E como resultado, Lula, com o PT, une-se a Temer, com o PMDB, no combate à Lava Jato, com pressão junto a aliados nas instâncias judiciárias. O STF ameaça abolir a prisão após a condenação em segunda instância; o governo federal reduz o orçamento da Operação, desloca quadros. O Parlamento tenta ameaçar os juízes com a aprovação de uma lei contra o abuso, recusa dar andamento a lei que restringe o fórum privilegiado, que tanto protege os políticos.
A Operação Lava Jato só é possível porque uma cadeia de instituições (Polícia Militar, Ministério Público e Judiciário) e personalidades (Teori, Fachin, Moro, Janot, Daiello) comprometidas com o combate à corrupção ocupam o lugar certo. Mas a legislação vigente foi essencial: prisão preventiva, delação premiada e prisão após a condenação em segunda instância. Assim como o apoio da mídia e da opinião pública.
Para que o desmonte da Lava Jato ocorra, é preciso que este Parlamento persista e ouse tomar as medidas de proteção aos criminosos, contando com a melhoria na economia e o silêncio da opinião pública e, de preferência, com a conivência da mídia e o apoio do empresariado.

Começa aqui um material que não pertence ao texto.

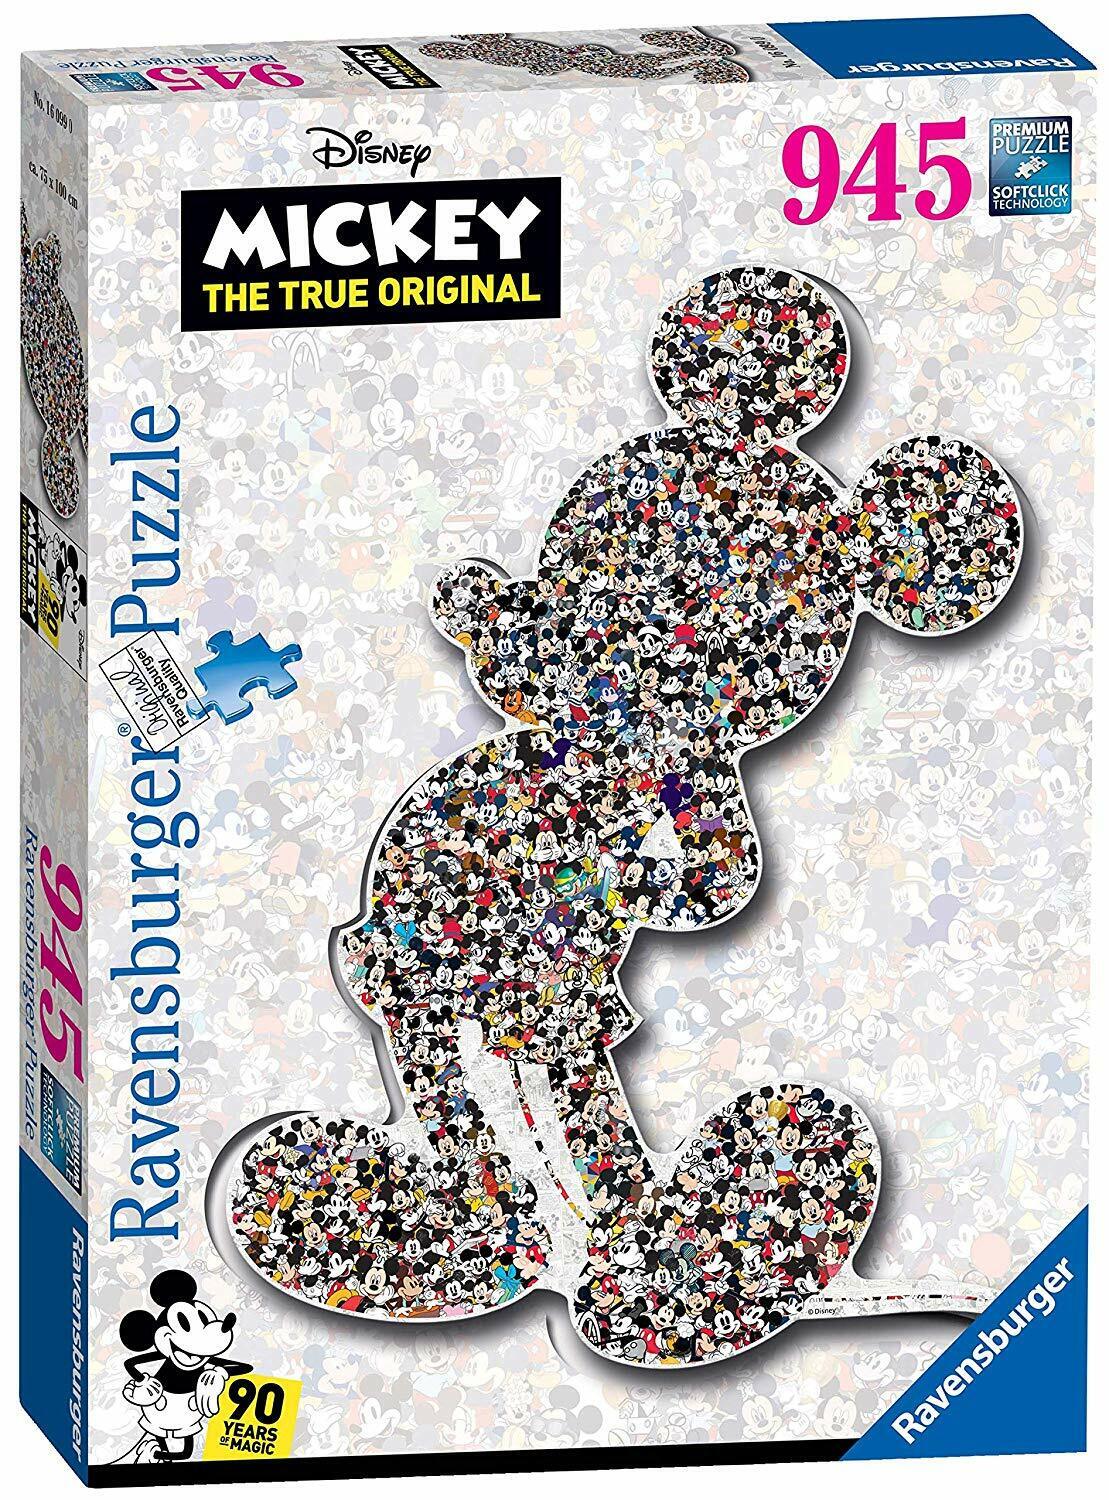 Ravensburger - Disney Mickey Mouse Shaped jigsaws 945 pcs

Há obstáculos a transpor neste plano de prolongar o mandato dos atuais deputados e senadores, e do Presidente, para desmontar a Lava Jato e continuar no poder. Primeiro, a reação da opinião pública, que dificilmente ficará em silêncio em face da possibilidade de prolongar o mandato de personagens absolutamente repudiadas. Segundo, a reação da mídia, não será fácil amordaçá-la em frente a tal desplante. Terceiro, não é evidente que os empresários venham a apoiar, mesmo com a incerteza de quem será o próximo Presidente. Quarto, não há sinal nas hostes militares de simpatia pelos atuais governantes, nem o sentimento de que as FFAA deverão “salvar o País”. O episódio “segundo General Mourão” é (ainda) um fato isolado. Finalmente, a reação interna de deputados e senadores que não se calarão em face de medidas autoritárias desta magnitude, seja pelo respeito ao princípio democrático, entre alguns, seja por interesse de tentar voltar ao poder, entre outros. Nem PT, nem PSDB ganharão com o prolongamento do mandato, sem falar de outros partidos como o PSOL, Rede, PSB, PDT e PV, só para citar os mais evidentes. Ganharão, apenas, os políticos acusados, investigados ou réus. Felizmente, apesar de muitos, não são a maioria no Congresso.
Com isso, devo ganhar a aposta em 2018. Tenho mais chances. Porém o futuro é a moradia privilegiada da incerteza, como gosta de dizer meu amigo Claudio Porto. Será que perderei?
[1] Sociólogo, pesquisador do Centro de Desenvolvimento Sustentável (CDS) da Universidade de Brasília (UnB).